Neil Barofsky is called the TARP cop because he is the regulator responsible for investigating the "money trail" of the TARP money: where it went, which banks got some, and what they did with it. All but about $134 billion of the original $700 billion of TARP money has been spent. The TARP money was given to banks to help them shore up their balance sheets.
It seems that one condition for receiving TARP money was proof that the banks receiving it were sound. Barofsky believes that some banks "cooked the books" to get TARP money. He is quoted as saying: "I hope we don't find a single bank that has cooked their books to try and get the money but I don't think that's going to be the case." Barofsky declined to discuss specific charges but did say that they could include securities fraud, wire fraud and false statements.

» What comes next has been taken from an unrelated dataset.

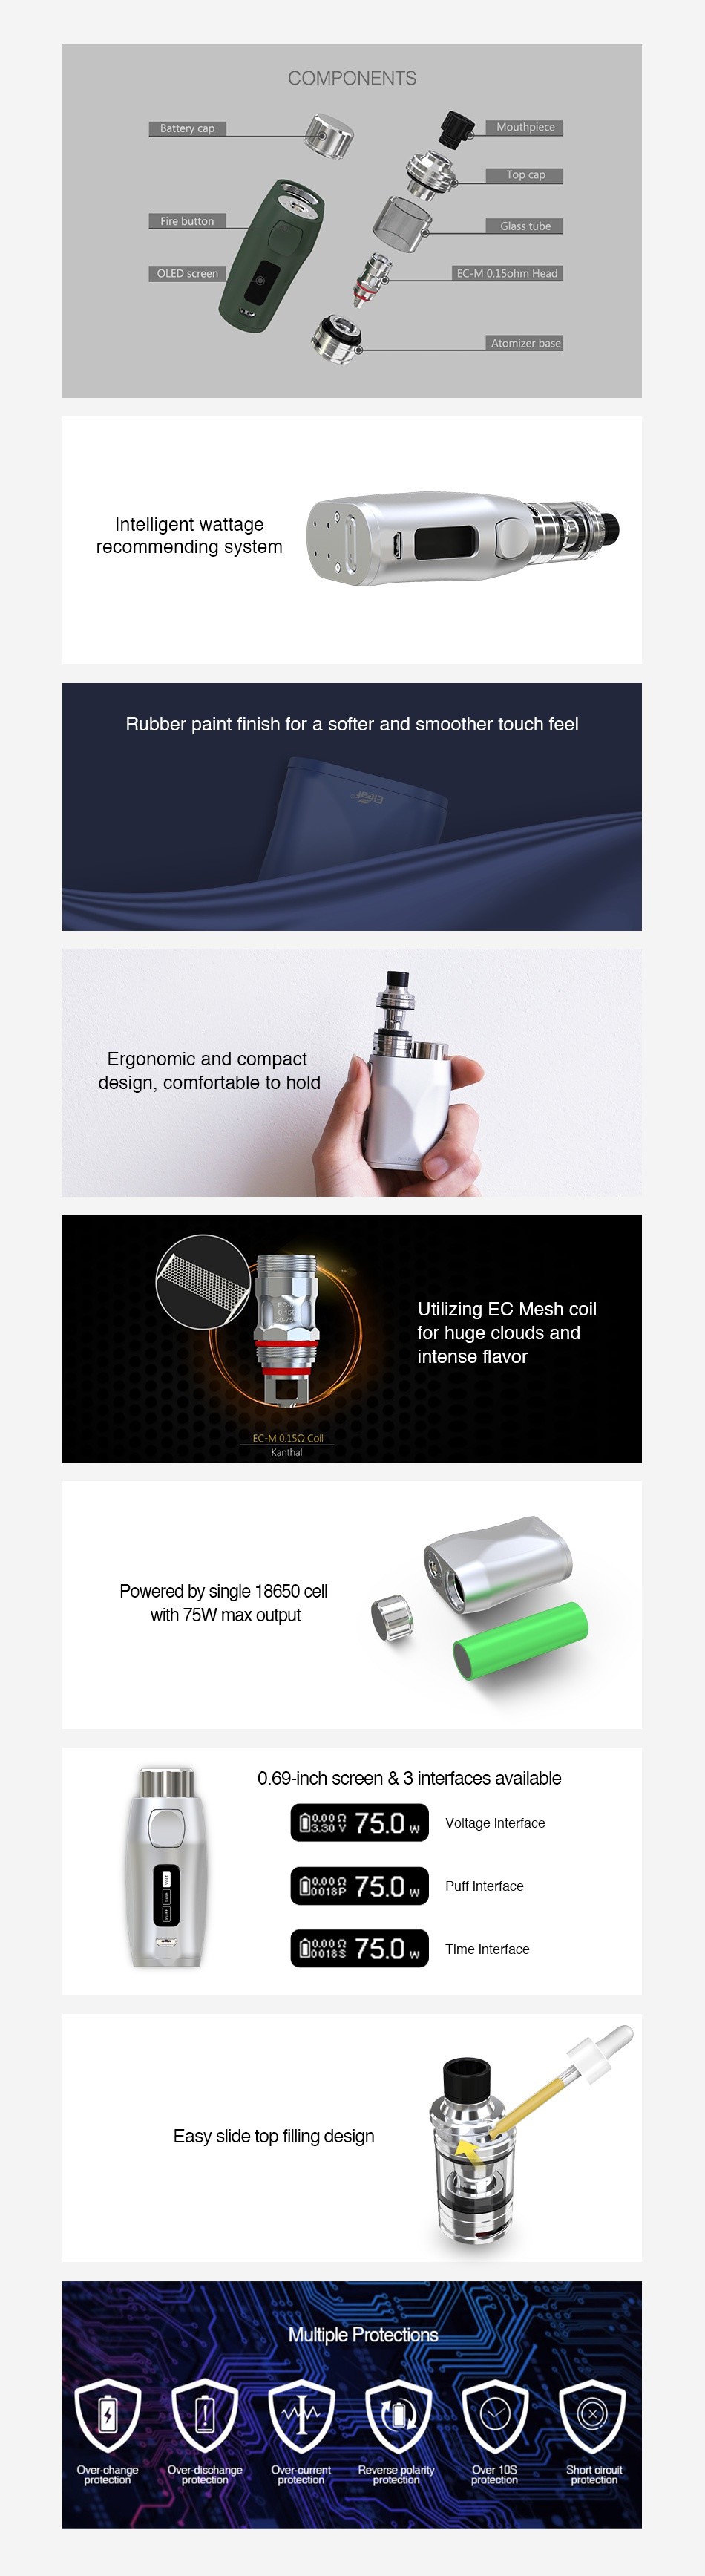 Eleaf iStick Pico X 75W TC Kit with Melo 4 Atomizer COMPONENTS recommending system Rubber paint finish for a softer and smoother touch feel Ergonomic and compact uT design  comfortable to hold Powered by single 18650 cell with 75w max outout 0 69 inch screen 3 interfaces available 938750Wme 88750w Puff interlace 10018975 0 w Time interface Multiple Protecti

One of the key sticking points has been the pricing of "legacy" or distressed assets from banks. Barofsky went on to say, "we know that the triple-A rating (ascribed to the securities by credit rating agencies) was a sham. We could be buying securities that are backed with assets that we know were likely riddled with fraud."
He has recommended that the Treasury cease buying "legacy" assets because there could be continued fraud in pricing these securities.
Barofsky's report is due in a few weeks after a detailed analysis of what banks say they've done with the money.
Do you believe that banks "cooked their books" to get TARP money?











Reader Comments (Page 1 of 1)
4-13-2009 @ 2:49PM
william lindblad said...
Given the scandals of today believing otherwise is equal to a belief in the tooth fairy.
4-13-2009 @ 3:45PM
Iridium said...
Yes, probably the safest yes in the history of the universe.
What is great is that the TARP money has allowed banks to cook the books even further to create a bull run on thier stocks.
In the real world they lost billions but in the fantasy land of Wall Street they made billions.
4-13-2009 @ 3:57PM
JCH said...
Any valuation system that ignores the percentage of performing loans within a collateralized debt obligation would be horrendously flawed.
That is why the financial statements last fall so wildly overshot the devaluation number. Such inaccuracy is dangerous to society and cannot be tolerated.